La Grande Tribu, Victor-Lévy Beaulieu l'annonce depuis 1973. Au fil des ans, il en a fait sept versions de mille pages qui n'ont jamais vu le jour parce que, même terminées, elles restaient toujours inachevées.
Une fois rendu dans ses grosseurs James Joyce, l'Irlande, le Québec, les mots, VLB a éprouvé l'urgence de revenir à la Grande Tribu. Pourquoi?

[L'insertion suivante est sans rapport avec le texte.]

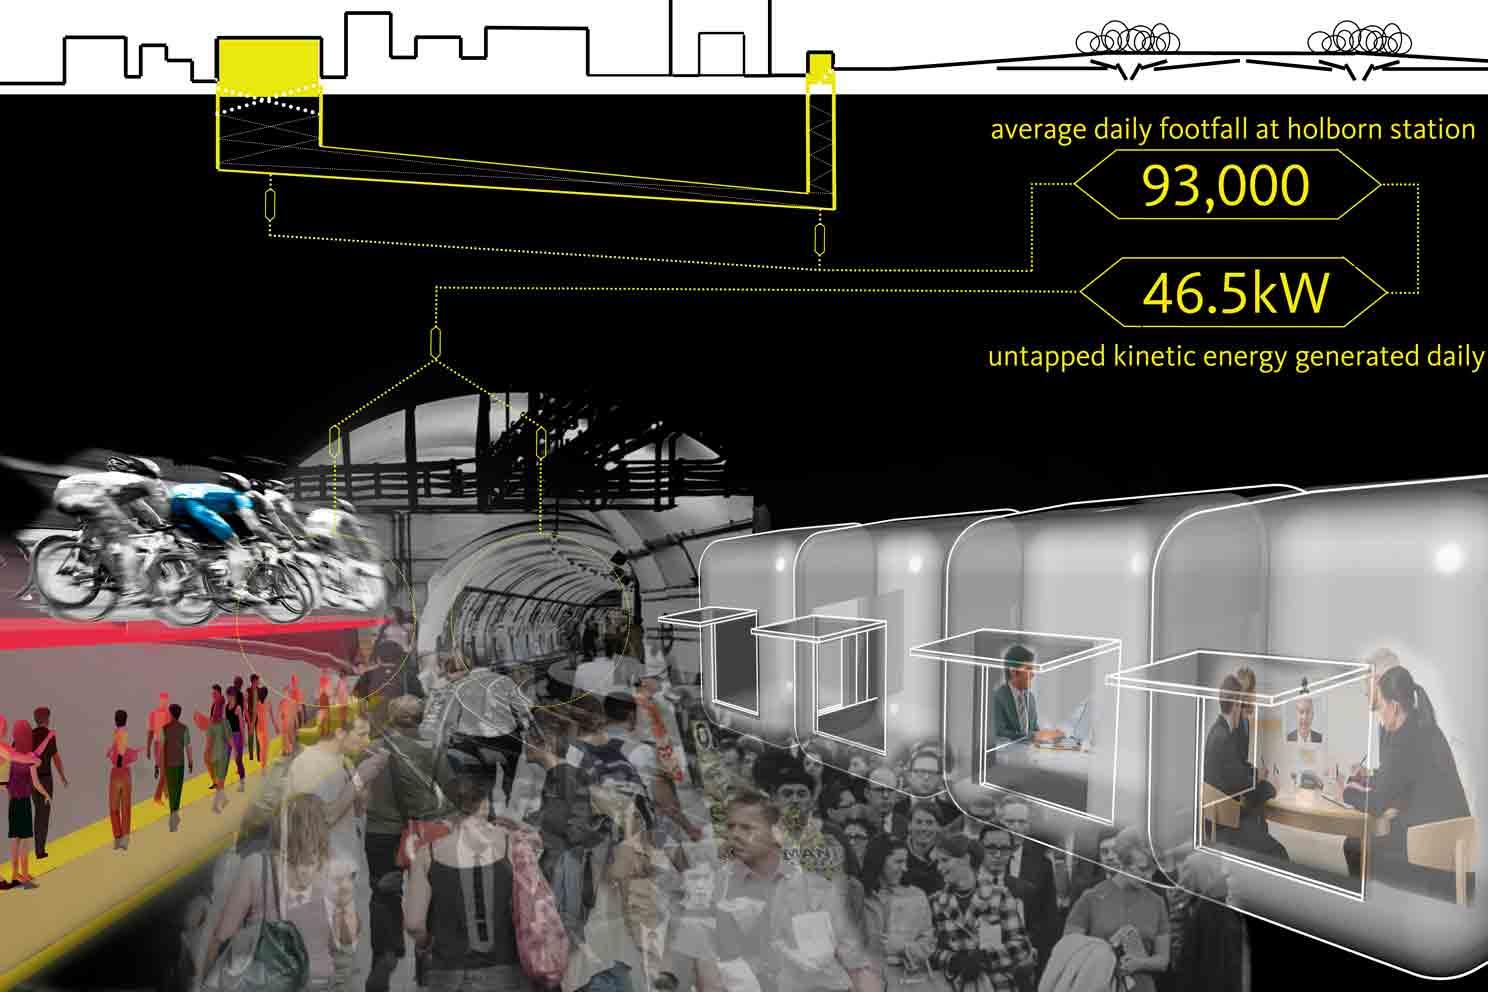 The-London-Underline-1 website

Dans ce Québec équivoque et incertain dans lequel on vit, peut-on inventer un personnage de roman qui soit totalisant, donc porteur à lui seul de ce qu'il y a dans l'idée de la race, de la nation et de la patrie, et qui soit, non un perdant, mais un gagnant?
C'est ce à quoi se colletaille Habaquq Cauchon, le narrateur de la Grande Tribu, en fouillant si loin dans le passé qu'il découvre que ses ancêtres, avant leur venue en Kebek, étaient pour moitié hommes et pour moitié cochons, et que leur côté grotesque en a fait des hors-la-loi, des rebelles et des insoumis. Après quatre cents ans dans le Nouveau Monde, que reste-t-il du corps et de la tête de cochon qu'on avait à l'origine? Et ce corps-là et cette tête-là de cochon peuvent-ils non seulement résister à toutes les répressions politiques, culturelles et sociales qu'on leur inflige, mais se renforcer au point de faire venir la révolution et de l’apporter jusqu'à la fraternité, l'égalité et la liberté?
En interrogeant quelques-uns des grands libérateurs du XIXe siècle (Daniel O'Connell, Simon Bolivar, Louis-Joseph Papineau, Jules Michelet, Charles Chiniquy, Abraham Lincoln, Hong-Sieou-Tsuan dit Shang-Ti et Walt Whitman), en ayant pour compagnon ce gigantesque orignal épormyable que fut le poète Claude Gauvreau, Habaquq Cauchon se forge une identité telle qu'elle en devient souveraine à jamais par toute l'indépendance qui la porte enfin.